When scans are reasonable:

  • The table is small (few pages).
  • The filter matches a large fraction of rows (low selectivity), so you’d end up reading most pages anyway.
  • You need to touch most rows for an aggregate (e.g., COUNT(*) over the whole table).

Access path 2: indexed lookup

An index is a separate data structure that lets the database find rows by key without scanning the whole table.

CREATE INDEX idx_orders_order_id ON orders(order_id);

Now the same query can use the index:

SELECT * FROM orders WHERE order_id = 12345;

Step-by-step mental execution for an indexed lookup:

  • Navigate the index to find the entry for key 12345 (typically a small number of index page reads).
  • Follow the pointer from the index entry to the row location in the table (or directly to the row, depending on the storage engine).
  • Fetch the row from the table page and return it.

The key difference: instead of reading many table pages, the engine reads a few index pages plus (often) one table page.

What an index really is: a mapping from key values to row locations

Conceptually, an index stores pairs like:

(key_value) -> (row_location)

For example:

(12345) -> (page 812, slot 17)

Most general-purpose databases implement indexes as balanced trees (commonly B-tree variants) for equality and range lookups.
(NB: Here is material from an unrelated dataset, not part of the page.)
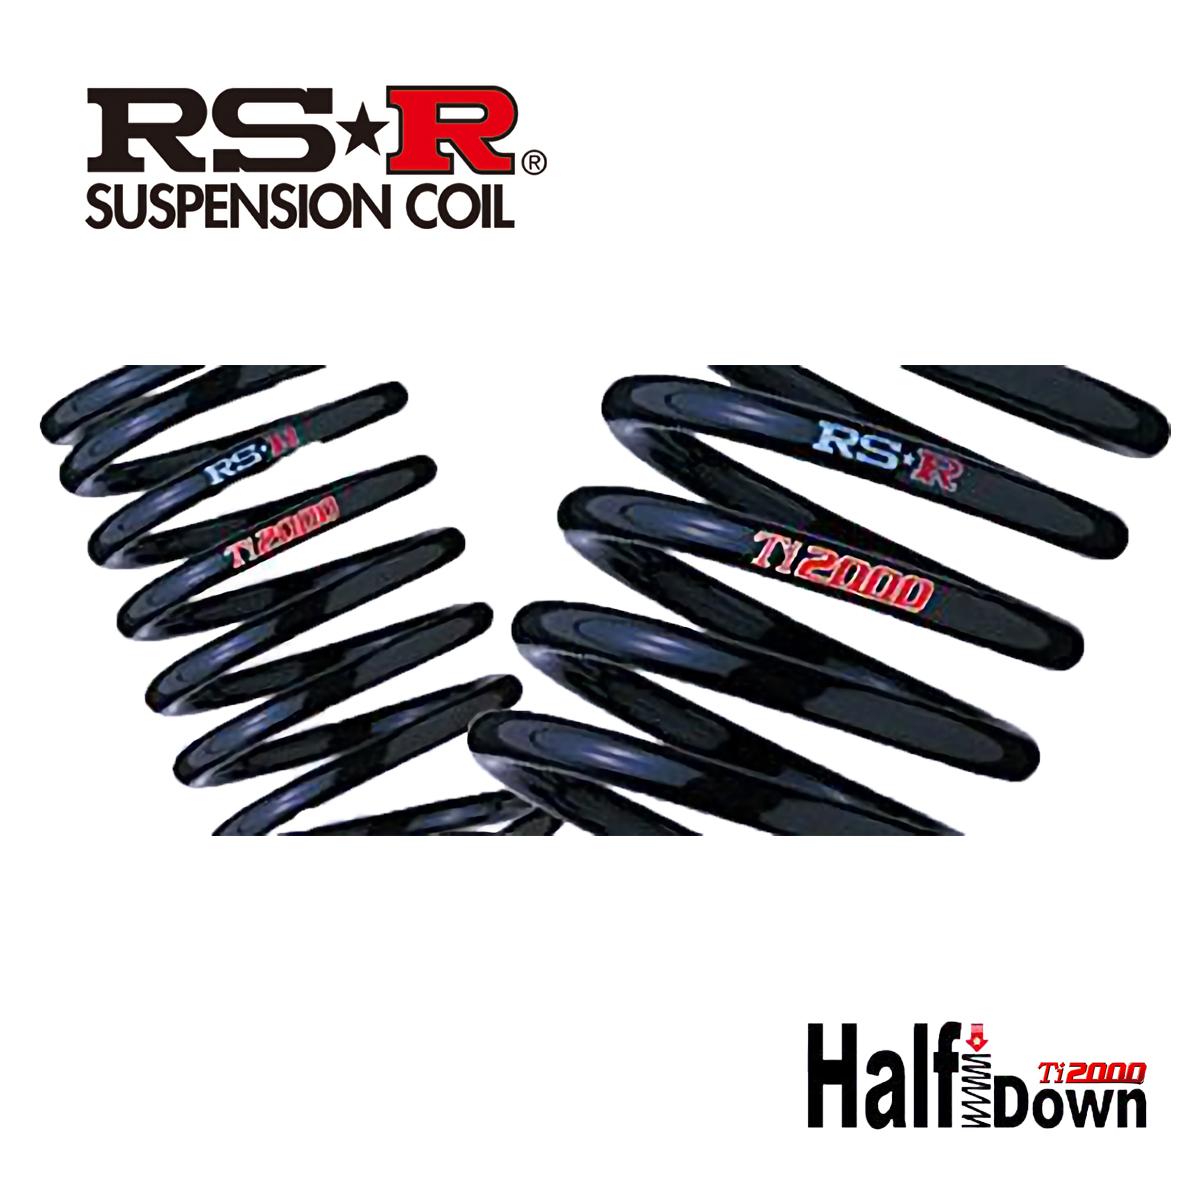 RS-R ムーヴ カスタムX/カスタムRSハイパーSA LA150S ダウンサス スプリング 1台分 D200THD Ti2000 ハーフダウン RSR 個人宅発送追金有
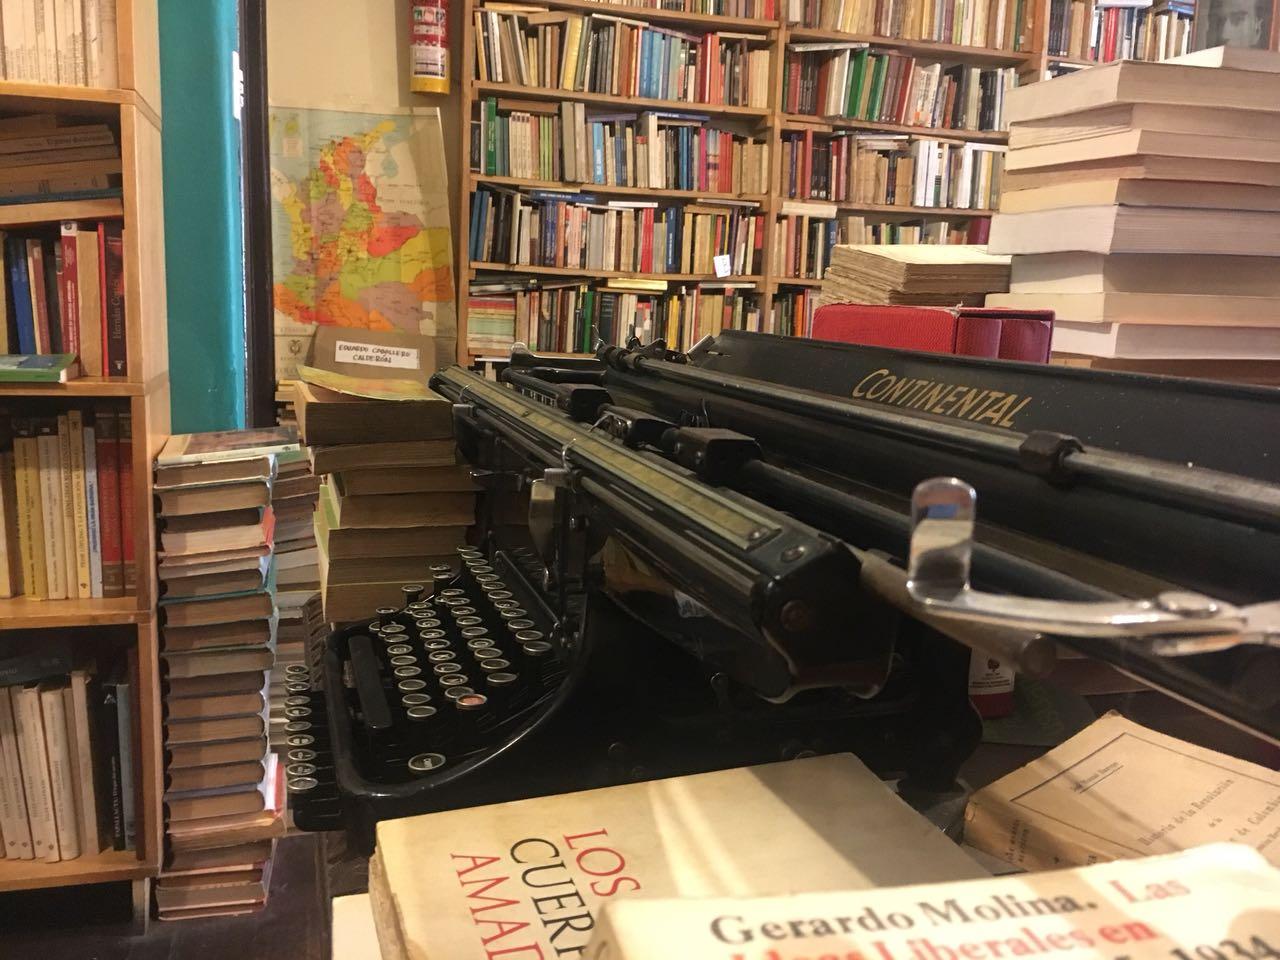 Librería Merlín máquina de escribir libros

The important idea is not the exact structure, but the behavior:

  • Fast equality lookup: find rows where order_id = ?.
  • Fast range lookup: find rows where created_at BETWEEN ... or order_id > ?.
  • Ordered traversal: read keys in sorted order without sorting the whole table.

Because the index is separate from the table, it has its own storage cost and must be maintained when rows are inserted, updated, or deleted.

What “faster” usually means in practice

When people say an index makes a query faster, they typically mean one or more of these improvements:

  • Fewer page reads (I/O): fewer table pages need to be loaded from disk/SSD into memory.
  • Less CPU: fewer rows must be examined and fewer comparisons performed.
  • Less sorting: the index order can satisfy ORDER BY without an explicit sort step.
  • Less work during joins: indexes can reduce the number of rows considered and speed up matching.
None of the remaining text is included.